Ямщина - Михаил Щукин
Шрифт:
Интервал:
Закладка:
— Где ваш бродяга?! Показывай!
Подбежал половой, услужливо доложил:
— Во дворе, с той стороны. Мы его и не трогали — как нашли, так и лежит, только рядном прикрыли.
— Веди! — приказал урядник.
Половой, не одеваясь, как был в одной рубахе, так и выскочил на улицу, за ним по-царски прошествовал урядник. Тихон Трофимович, даже не успев ни о чем подумать, повинуясь неожиданному внутреннему толчку, поднялся из-за стола, накинул на плечи шубу и тоже вышел на крыльцо постоялого двора. Половой семенил, уже огибая угол, за ним, впечатывая в снег сапоги с резными подковками, шел урядник. Тихон Трофимович спустился с крыльца и двинулся следом за ними.
Вдоль глухой стены, под дощатым навесом, снегу было совсем немного, в углах он даже не закрывал чернеющую землю. И вот в дальнем углу, прямо на земле, лежал непонятный холмик, накрытый старым и рваным рядном.
— Открой, — скомандовал урядник, пальцем указывая на рядно.
Половой нагнулся, боязливо стащил серую рванину и отступил на несколько шагов, угодливо поглядывая на урядника, ожидая от него очередного приказания. Нелепо скукожившись, подтянув к животу колени, лежал, прижавшись в последний миг к стене, бродяга. Тот самый, от которого принял Белянку в свои руки Тихон Трофимович. Длинные волосы у бродяги успели заиндеветь, но лицо было чистое, белое, будто смерть смыла с него все следы тяжкой жизни. Тихон Трофимович подвинулся ближе и поразился до внезапного озноба: на лице у бродяги навсегда застыла счастливая улыбка…
До самого Томска Тихон Трофимович угрюмо молчал, гладил Белянку, уютно лежавшую в кармане его шубы, и никак не мог избавиться от наваждения: стоило лишь закрыть глаза, как сразу же виделось чистое и белое лицо и счастливая улыбка, застывшая на нем. «О чем же он думал, сердешный, коли так улыбался?» — спрашивал самого себя Тихон Трофимович, но ответа не было.

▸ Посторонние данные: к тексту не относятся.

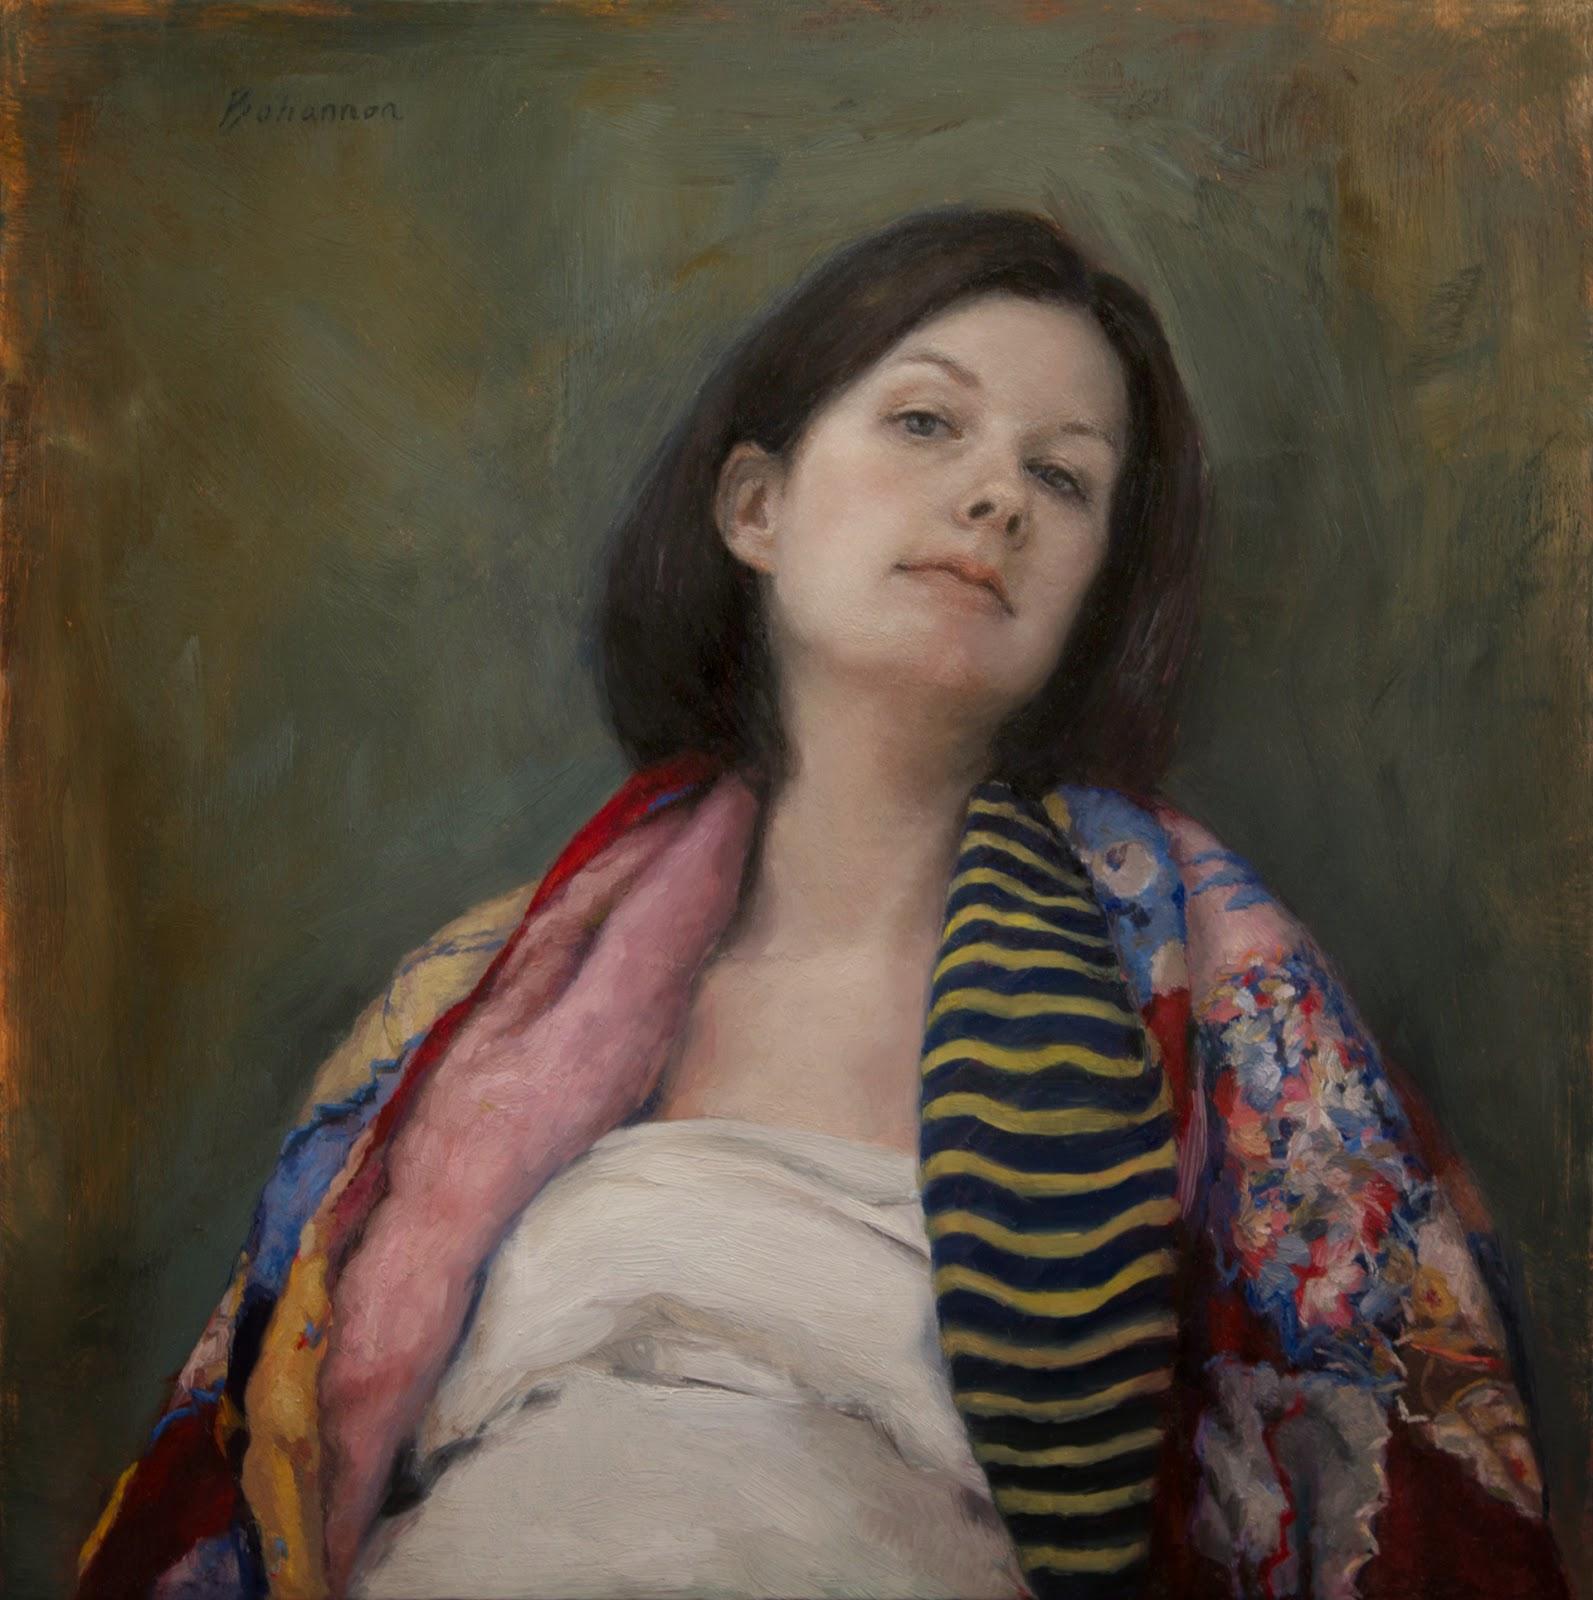 Artist Candice Bohannon Pregnancy Portrait Oil Painting Pregnant Woman On Copper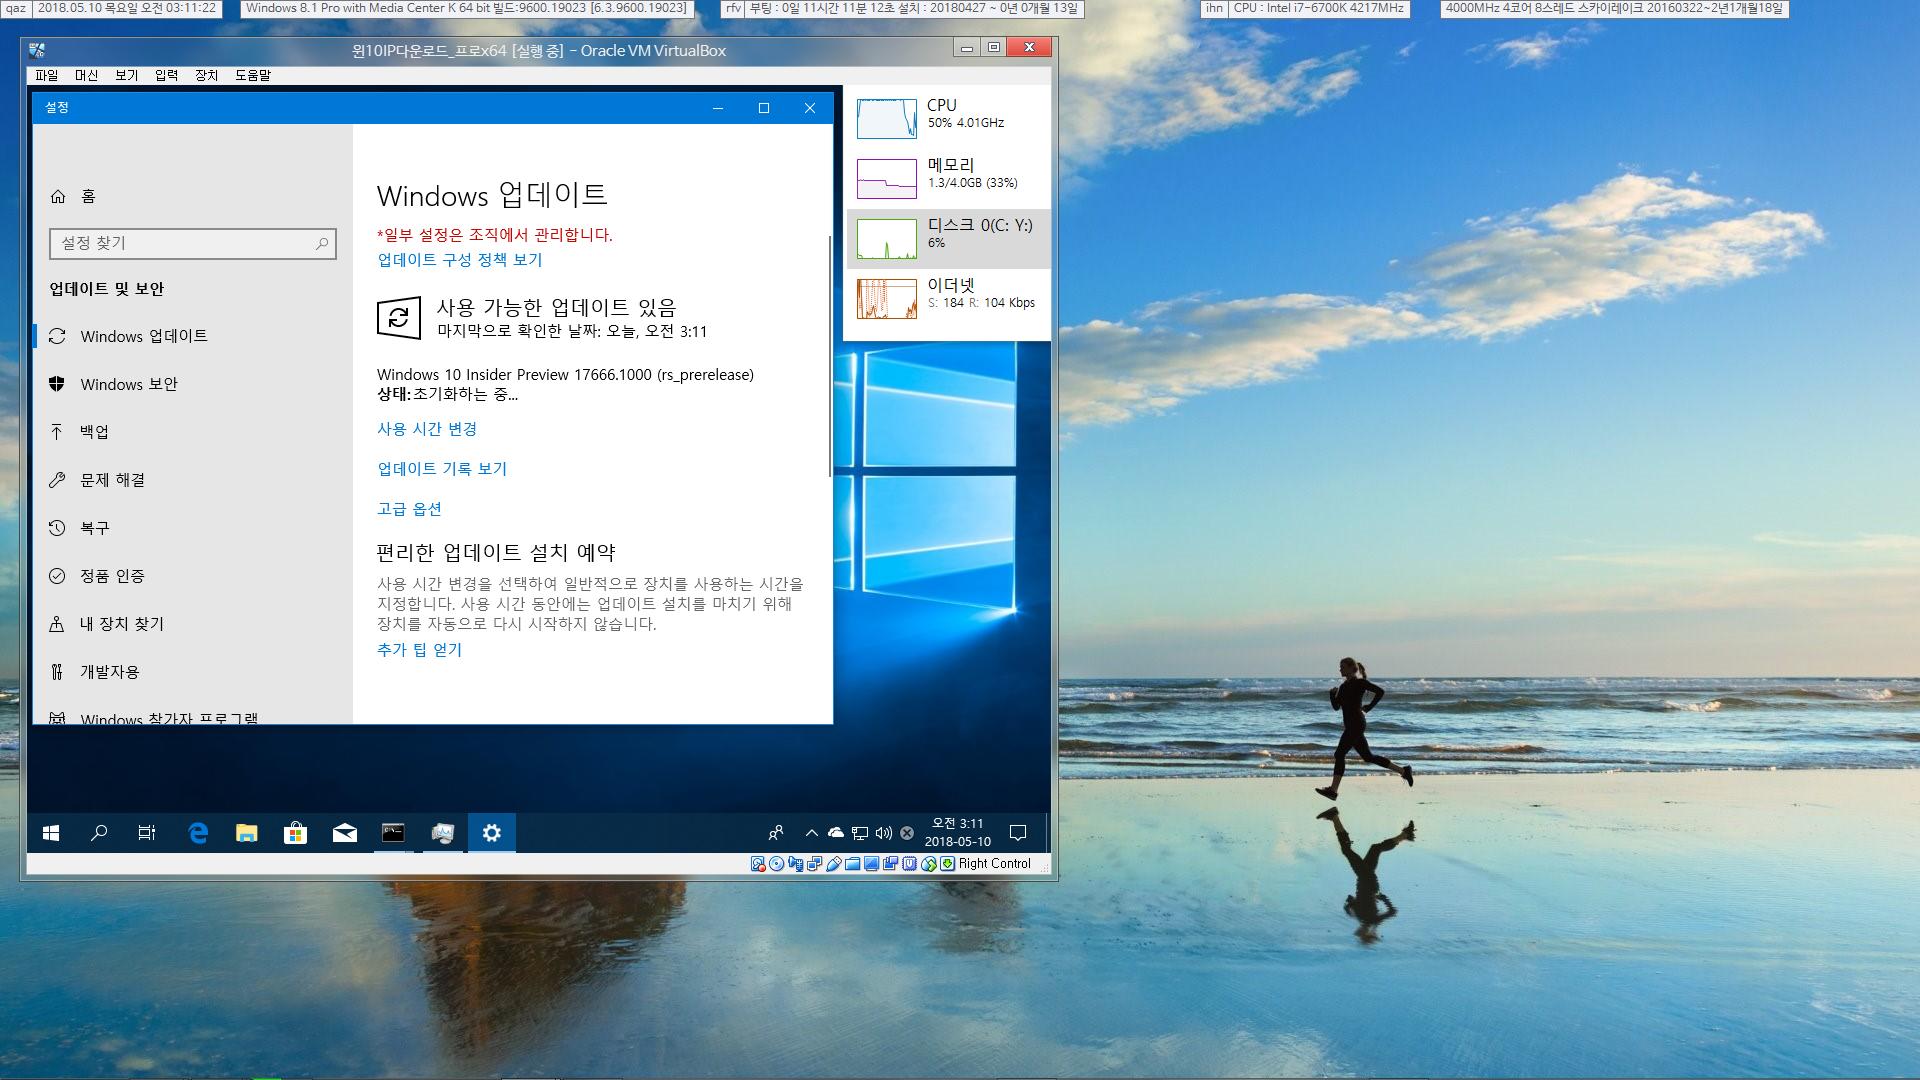 윈도10 레드스톤5 인사이더 프리뷰 17666 빌드 나왔네요 2018-05-10_031122.png

Поздним вечером, уже в глубоких сумерках, прибыли в Томск. Первым делом Тихон Трофимович взялся определять Феклушу. Отвел ей отдельную светлую комнатку с двумя большими окнами, велел поставить кровать, принести перину и подушки.
— Сегодня так переночуешь, а завтра оглядись, будет в чем надобность — скажи. Да ты не тушуйся, будь как дома, тут никто не обидит, — приговаривал Тихон Трофимович, выходя из комнатки.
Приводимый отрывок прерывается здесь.